The most striking aspect of Samsø’s success is its grassroots ethos. Citizens across the island have played an active role in its initiatives from the very beginning, brilliantly weaving together all three strands of sustainability: creating jobs, reducing carbon emissions, producing energy locally, fostering cooperative ownership of infrastructure, and providing people with the opportunity to collectively invest in their community.


The end result is a unique system, built from the ground up, in which locals take immense pride. For America, where so much of our municipal initiatives come from the top down – even the well-intend ones – it is a wonderful example of what local collaboration and commitment can achieve.

There are important caveats. For starters, Samsø is an island of 4,000 inhabitants – a relatively easy setting for collective action. In addition, Samsø has not in fact reduced its carbon footprint to zero. This island’s offshore wind farm (see image above) makes it a net generator of energy, producing than it consumes and selling the rest back to mainland Denmark. Nevertheless, cars on the island are powered by petroleum. At the tailpipe, it’s hard to argue that Samsø has no progress left to make.

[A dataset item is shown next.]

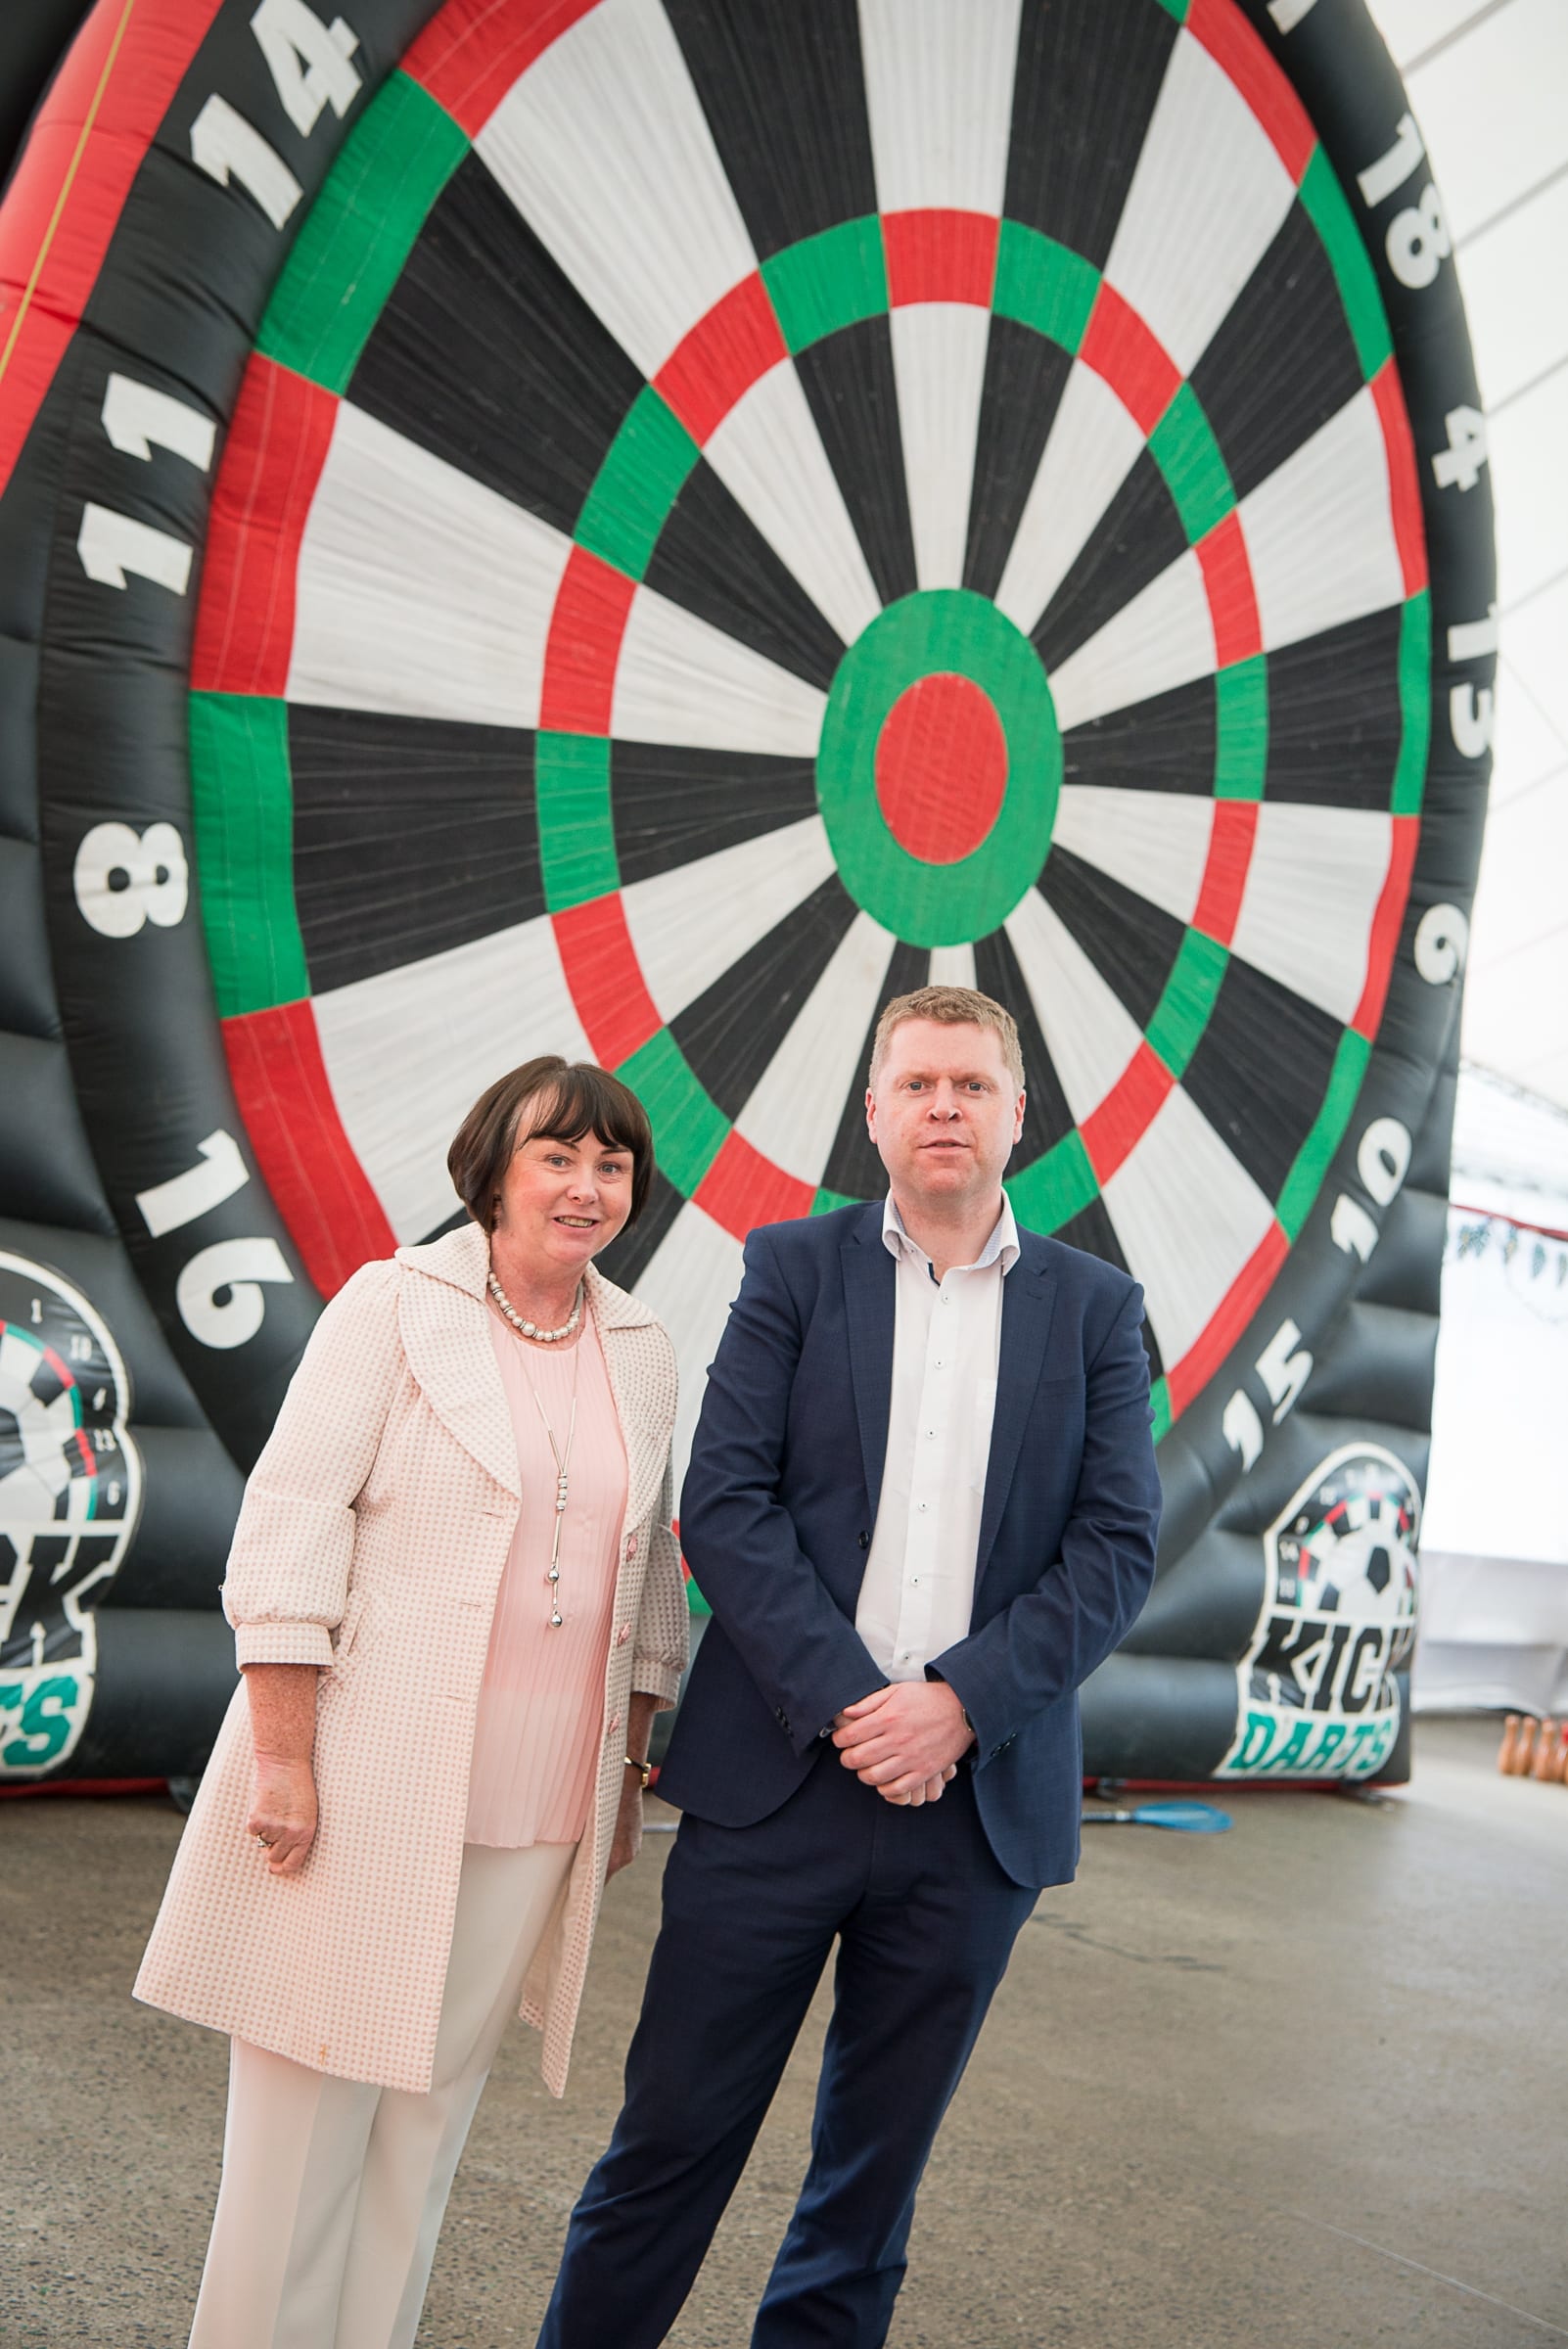 From Left to Right:  Regional Leaders BBQ which took place on the 6th June in the Limerick Milk Market: Caroline Long - CEO / Limerick and  District Credit Union, Eoin Ryan - HLB McKeogh Gallagher Ryan 
Photo by Morning Star Photography

Even so, planners in the Untied States would do well to learn from Samsø’s example. In 2014, a Yale study  found that over a quarter of the American population (27%) was either doubtful or dismissive of the reality of global climate change. As appalling as that figure is, two-thirds of the population was either cautious, concerned, or alarmed.

That 67% needs to be mobilized, and even more important, empowered. We do not need to “demand” change from the top down. Rather, we need to realize that we can make change from the bottom up. Imagine a neighborhood investing in its own windmill or solar array, as well as an electric vehicle charging station. Imagine that same neighborhood investing in medium-scale water recycling infrastructure, reducing its water footprint close to zero. Along with the environmental sustainability, imagine the jobs, the social cohesion, the sense of pride.

The Samsø model shows that incremental, grassroots change can add up to something big. Something big, from something small. This is what the world needs.